##### Recorded information #####
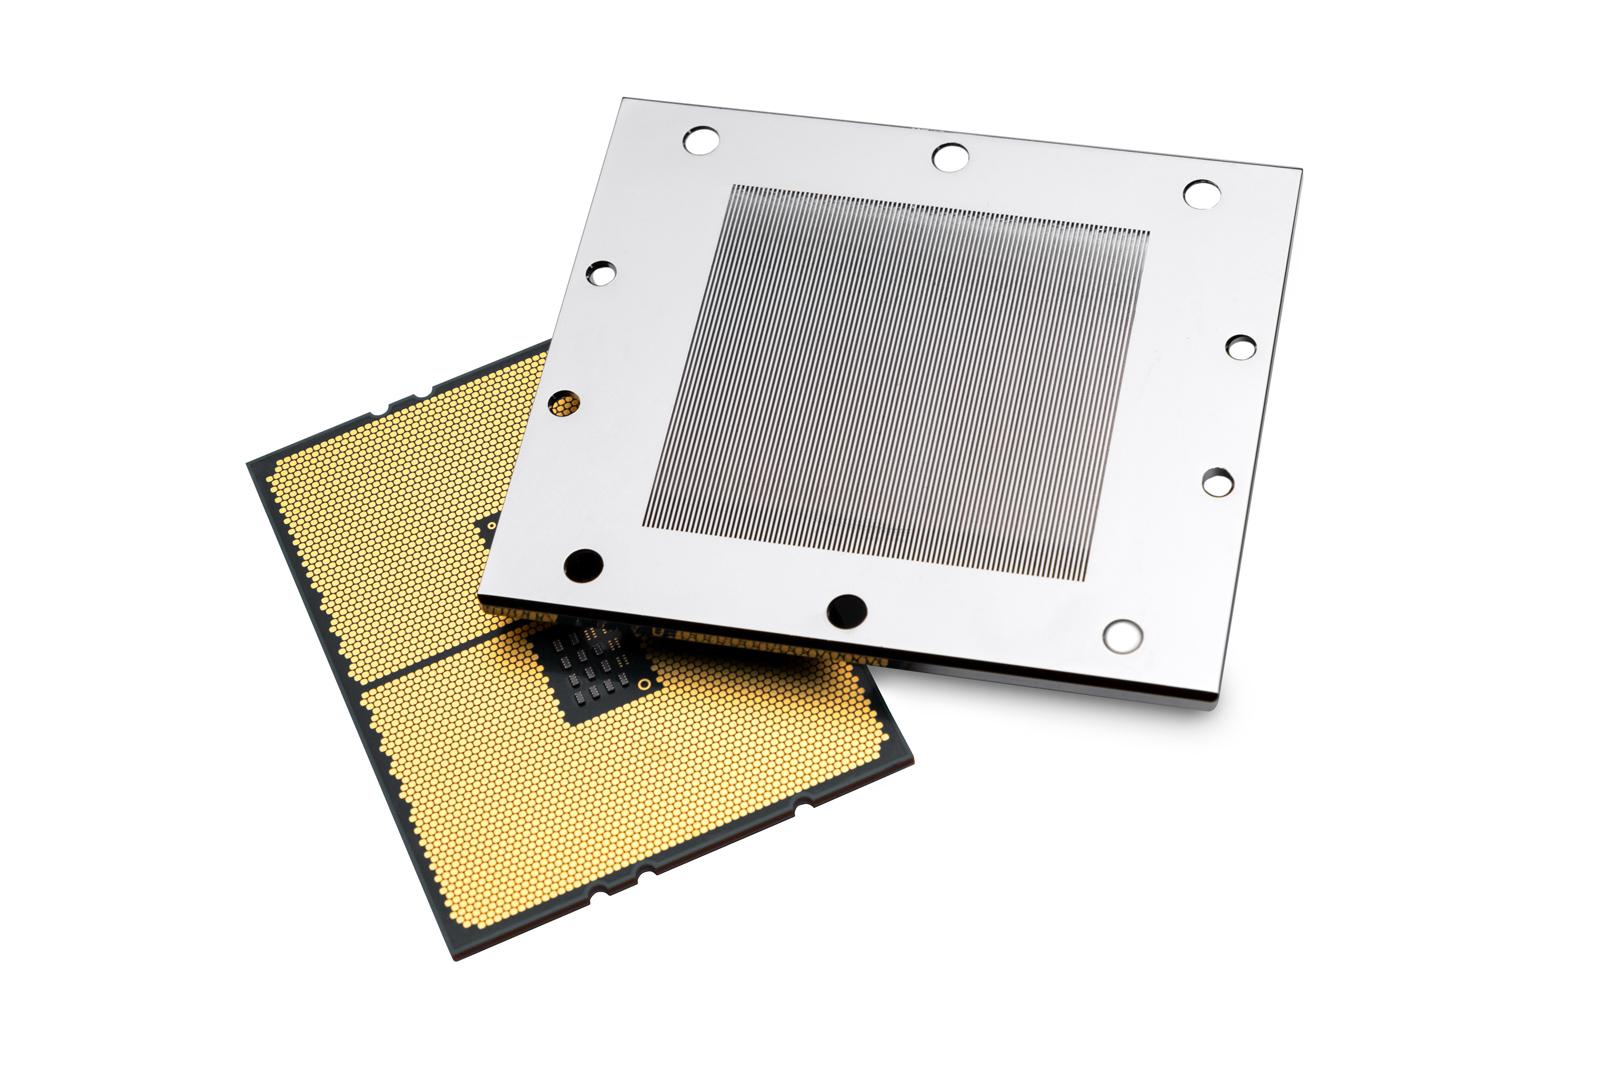 Ek Velocity STR4 baseplate
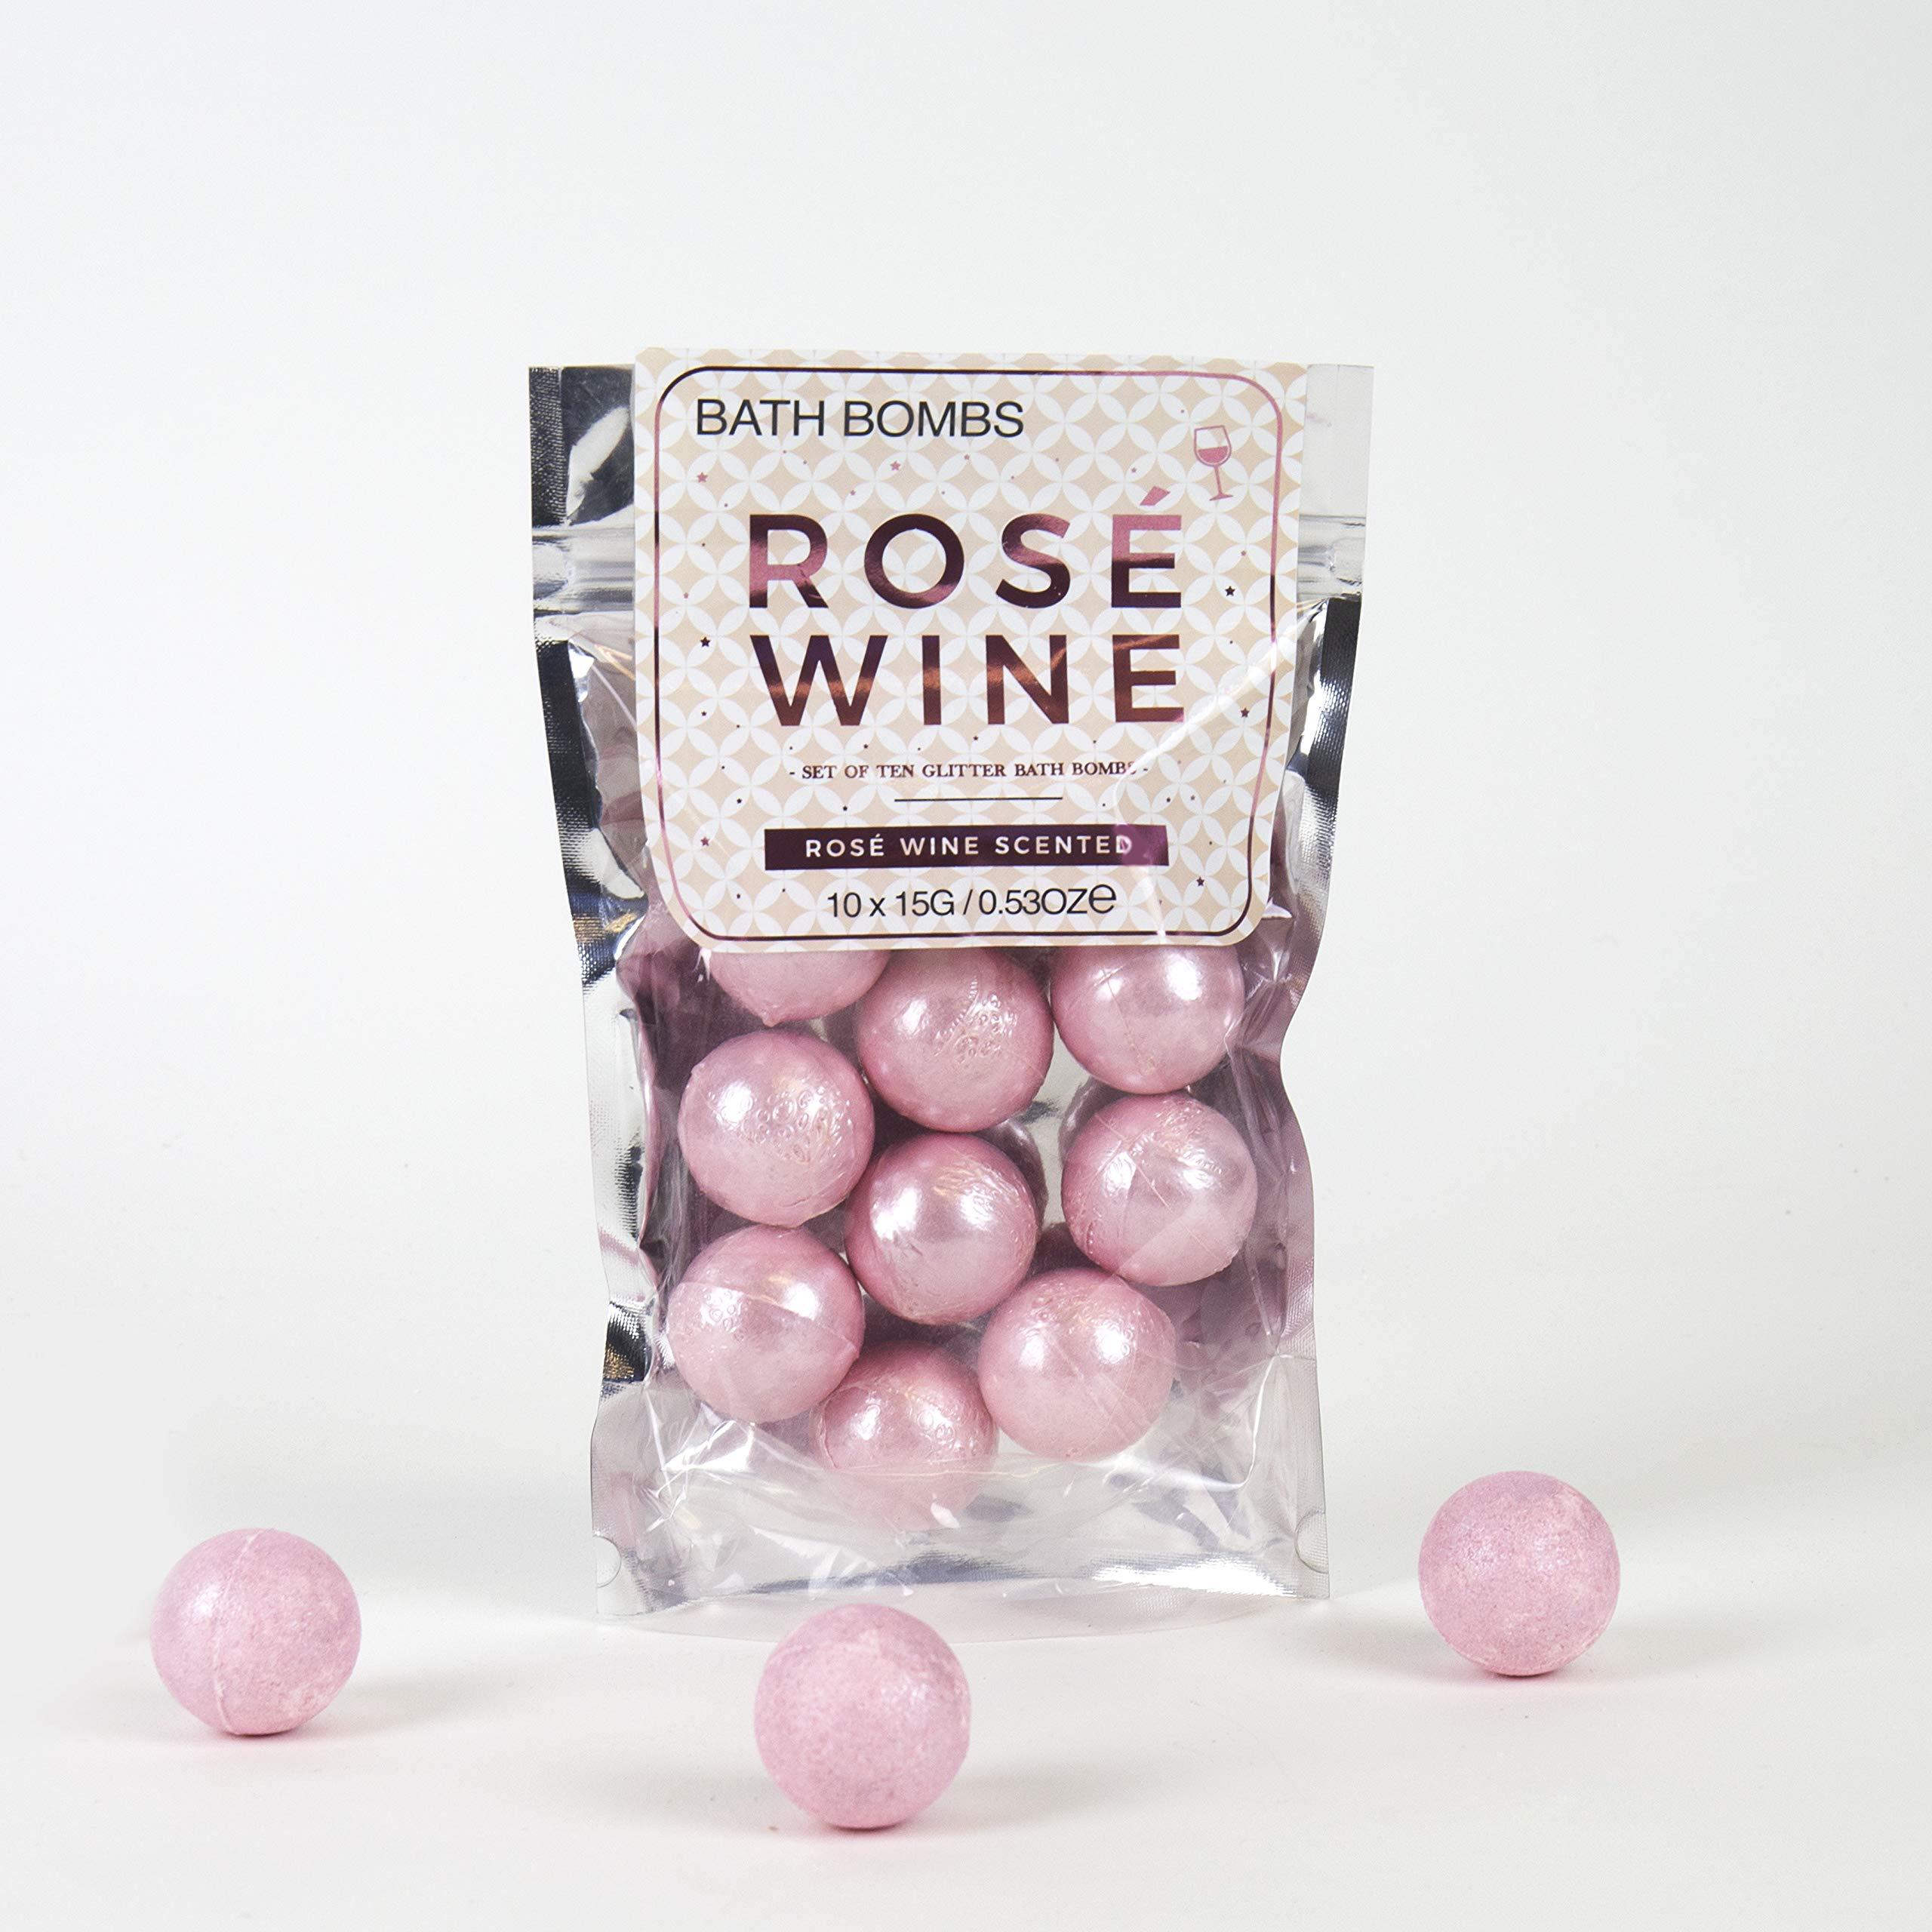 Bombas de baño relajantes de vino rosado de Gift Republic
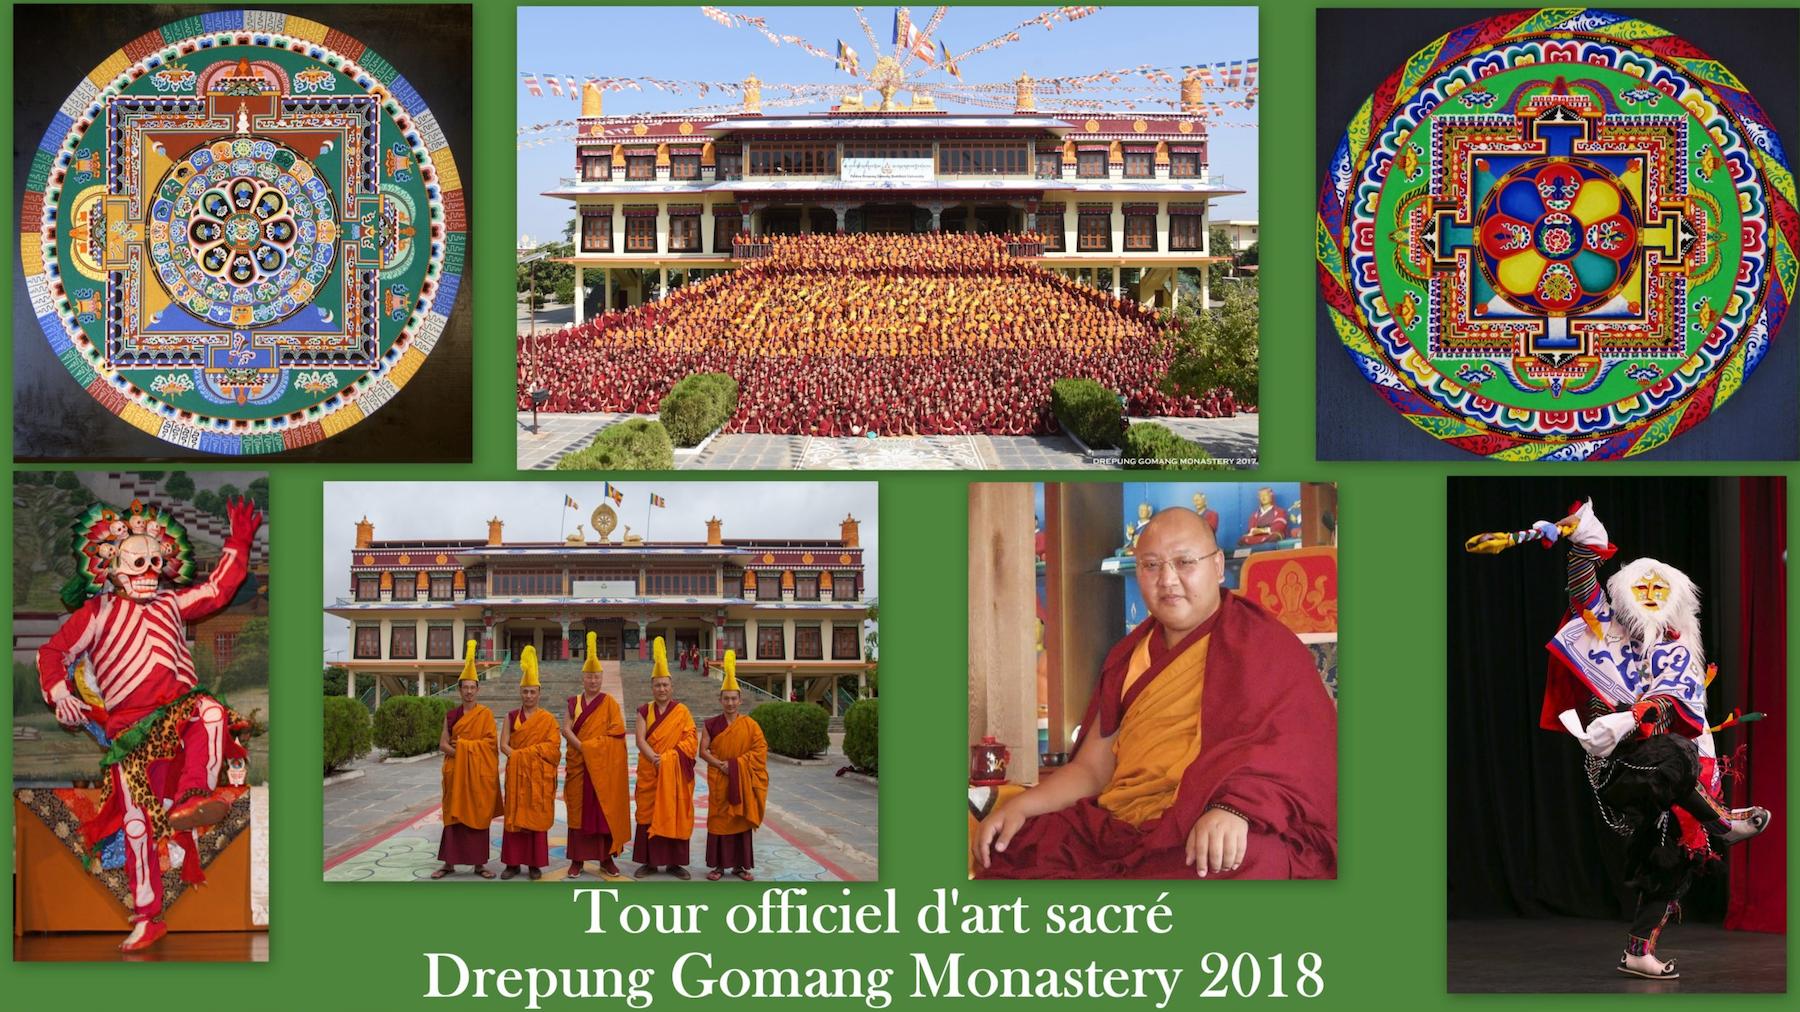 Tour officiel d'art sacré du Drepung Gomang Monastery 2018
#####
● Your objective:
Copy the whole of the material above exactly, and exclude every picture.

● Response for this exercise:
 Ek Velocity STR4 baseplate
 Bombas de baño relajantes de vino rosado de Gift Republic
 Tour officiel d'art sacré du Drepung Gomang Monastery 2018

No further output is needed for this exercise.